How to Water Indoor Plants
Unlike outdoor plants, indoor plants depend on you for everything. Caring for indoor plants requires that you know what each plant needs. Many people think it’s a good idea to water plants on a specific schedule, but really it’s much better to check each plant every day to see whether or not it needs to be watered on that day. This requires that you frequently check the soil to see whether or not the plant needs to be watered. It is very important that the pot that the plant is in has drainage holes in the bottom so that water can drain from the bottom, and the roots are not sitting in water all the time. If the roots are sitting in water, they will rot, and the plant will die. Not every type of house plant is the same watering needs, so it is necessary to do some research on your plant see what type of watering it needs. Some plants need to be fairly moist all the time, while others need to dry out between waterings. Morning is a good time to water plants so they have a chance to dry out before it starts to get cooler later in the evening.
Put your finger in the soil down to the first knuckle, if you can’t even get your finger into the soil that means the plant definitely needs to be watered. If some of the dirt sticks to your finger, and the soil feels fairly moist, it probably has enough water. Keep an eye on the leaves as they can provide a good indication of whether the plant is getting enough water, or too much water. If the leaves are drooping, this often means that the plant needs to be watered. If they are brown, dry, or some leaves have fallen off, this also means that the plant needs to be watered. On the other hand, these signs can also mean that the plant has been over watered, so it is always important to use these observations in conjunction with checking whether or not the soil is dry. If the plant has been watered recently, give the plant some time to absorb the water before watering again.
It can be useful to learn how heavy the plant is when it has been well watered. You can test see if your plant has been watered enough by picking it up, and feeling how heavy it is. Lift it from time to time, and if it doesn’t feel heavy enough, this means that it needs to be watered. Of course only do this if your plant is light enough to be lifted easily. Don’t injure yourself trying to lift your plant up!

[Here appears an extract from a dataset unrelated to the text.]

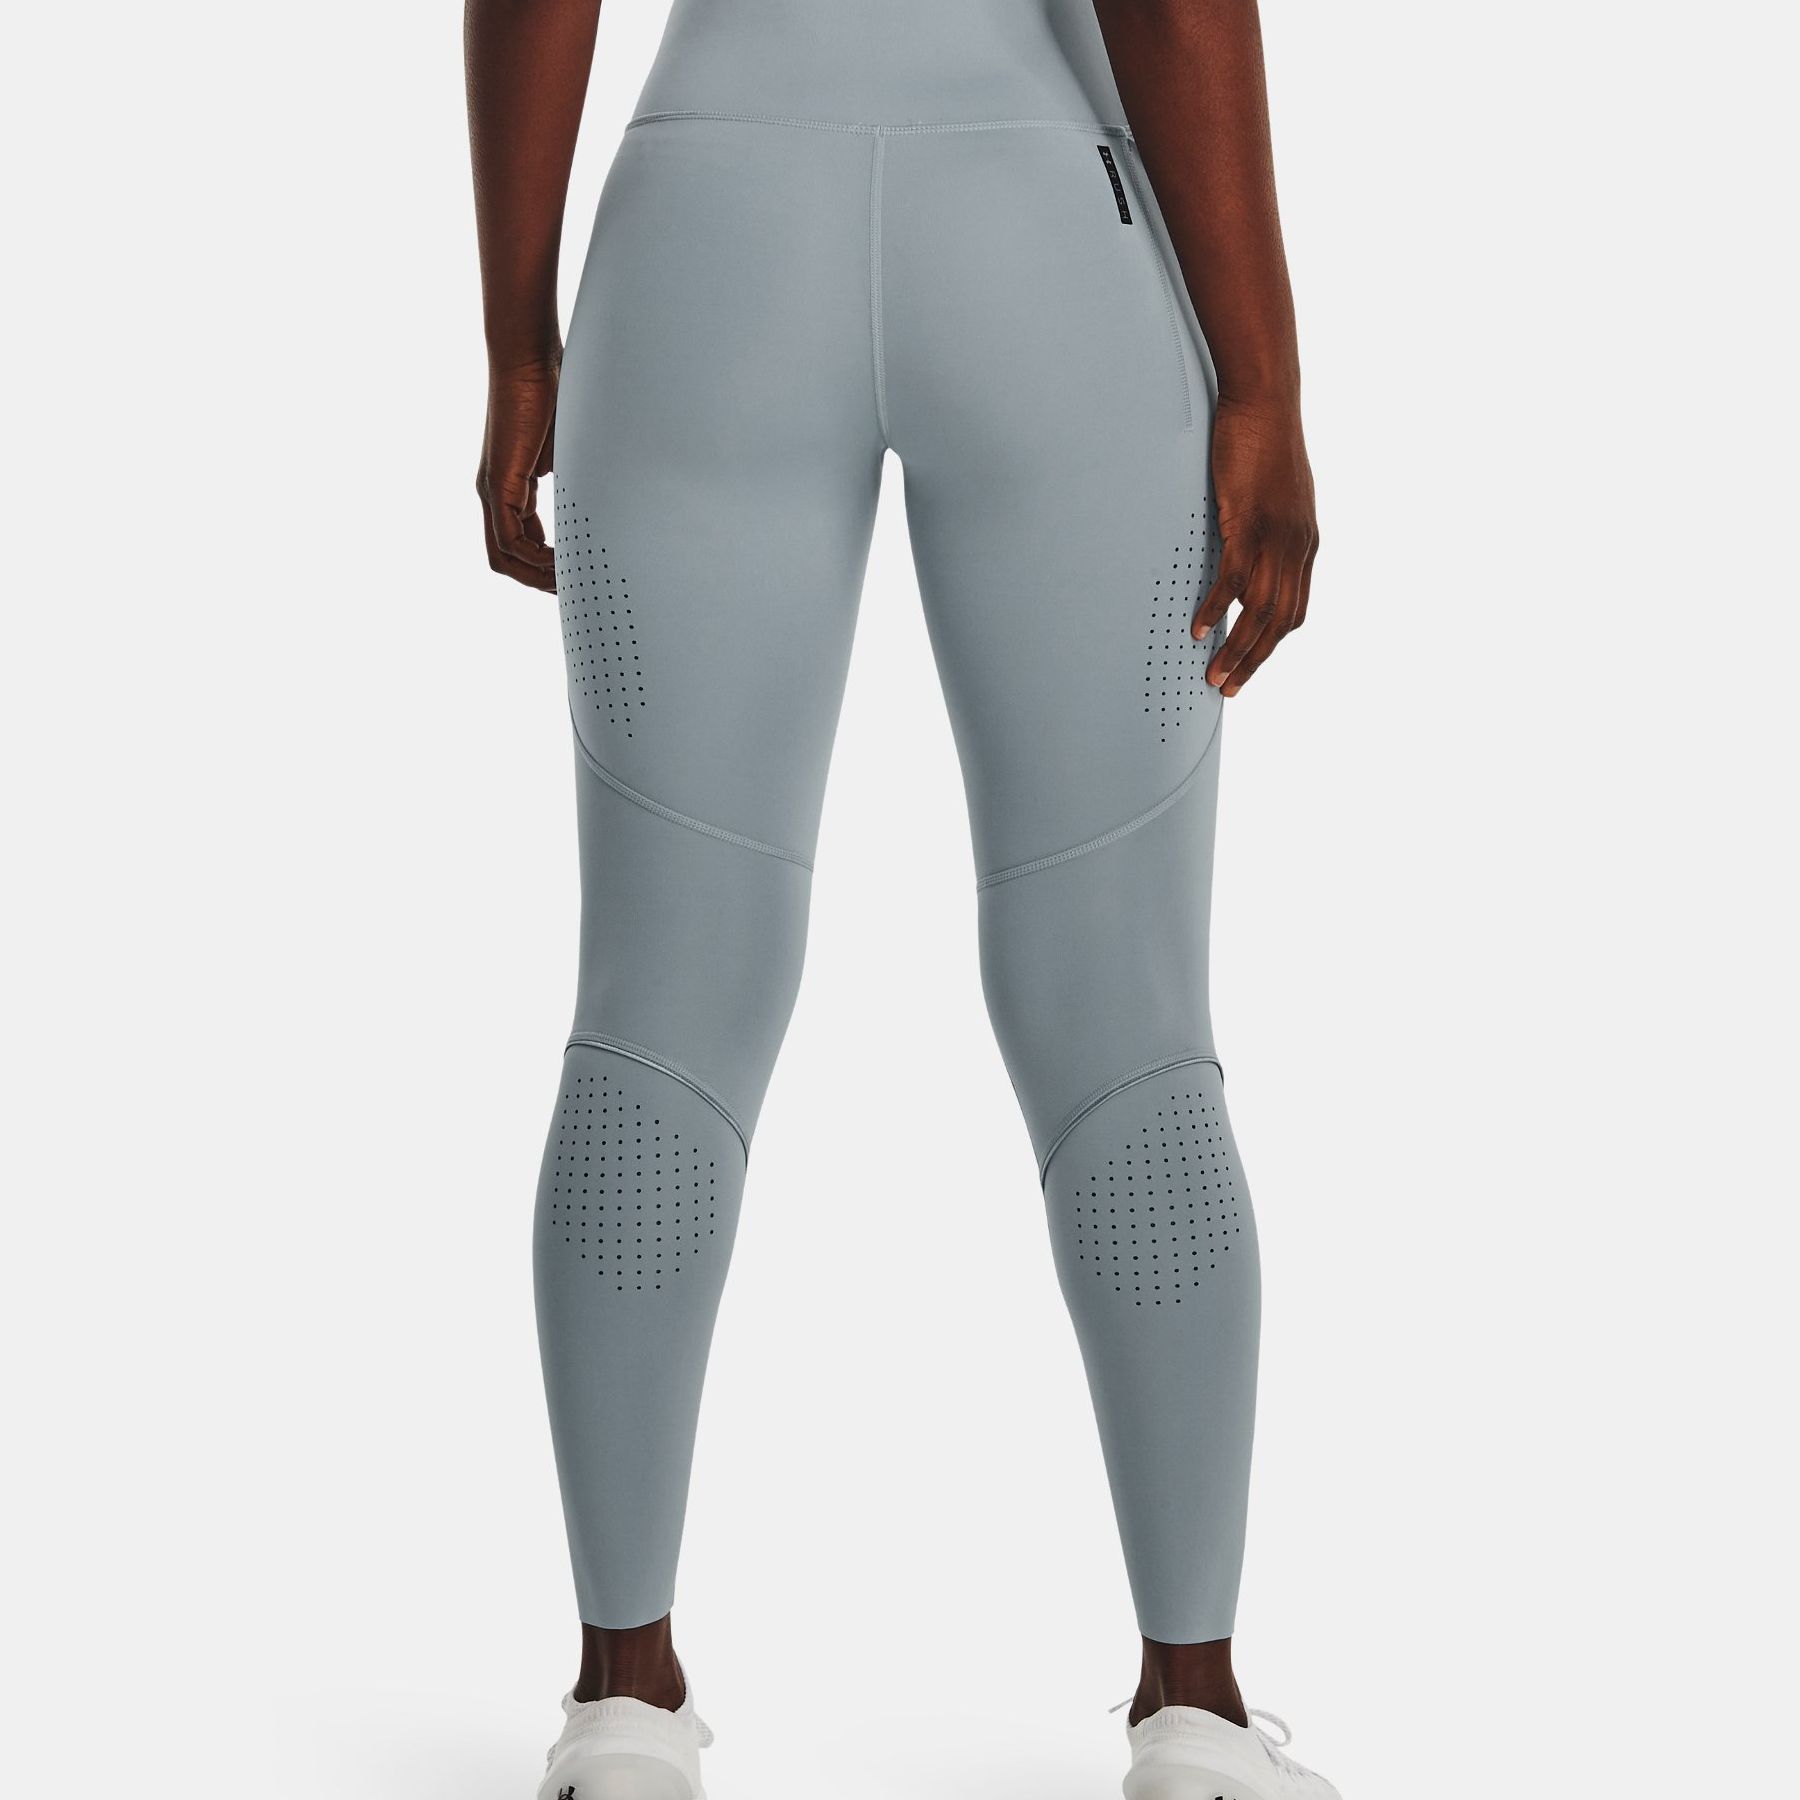 Shorts -  under armour SmartForm Perforated Ankle Leggings

Some plants are sensitive to the type of water that is used. The chlorine in tap water can kill some plants. If you suspect that the chlorine in the water is hurting your plant, let the water sit out overnight in a large container before watering. I always keep water in a large plastic jug that has been filled up the night before.

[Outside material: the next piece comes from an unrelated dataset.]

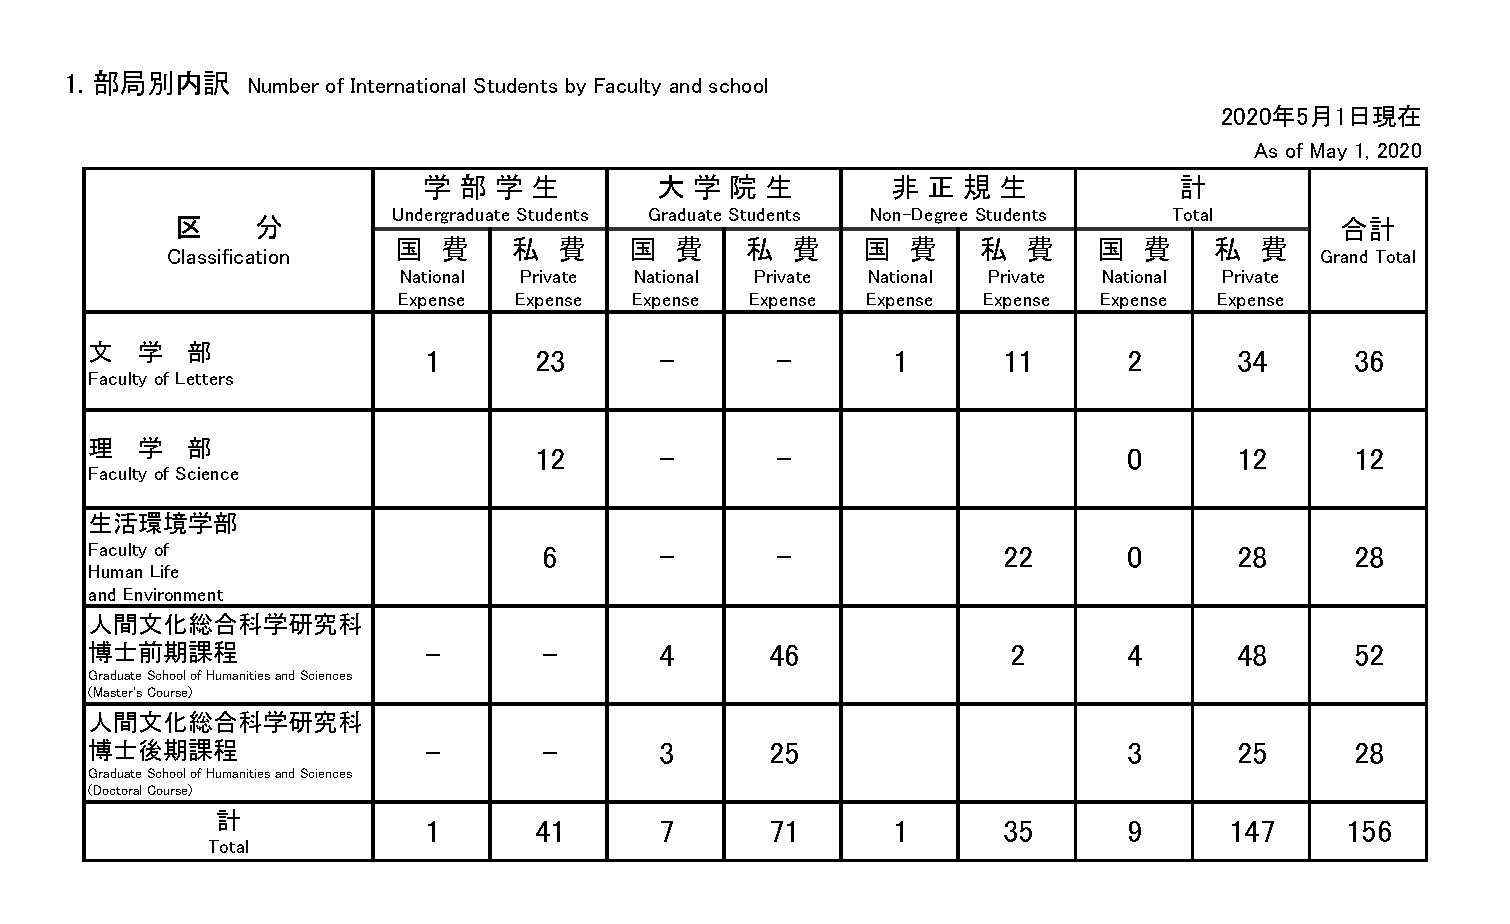 Number of International Students by Faculty

Try to distribute the water evenly across the surface of the soil. When you water, it’s better to start out by giving the plant too little water rather than too much. You can always water more if you give into little water, but overwatering is more difficult to correct. Be sure to water until water comes out of the holes on the bottom of the pot. You want to be sure that the roots at the bottom of the pot get water, and just watering the surface of the soil will not accomplish this. Some plants also benefit from misting with a spray bottle, but not all plants, so you need to know the requirements of your plant.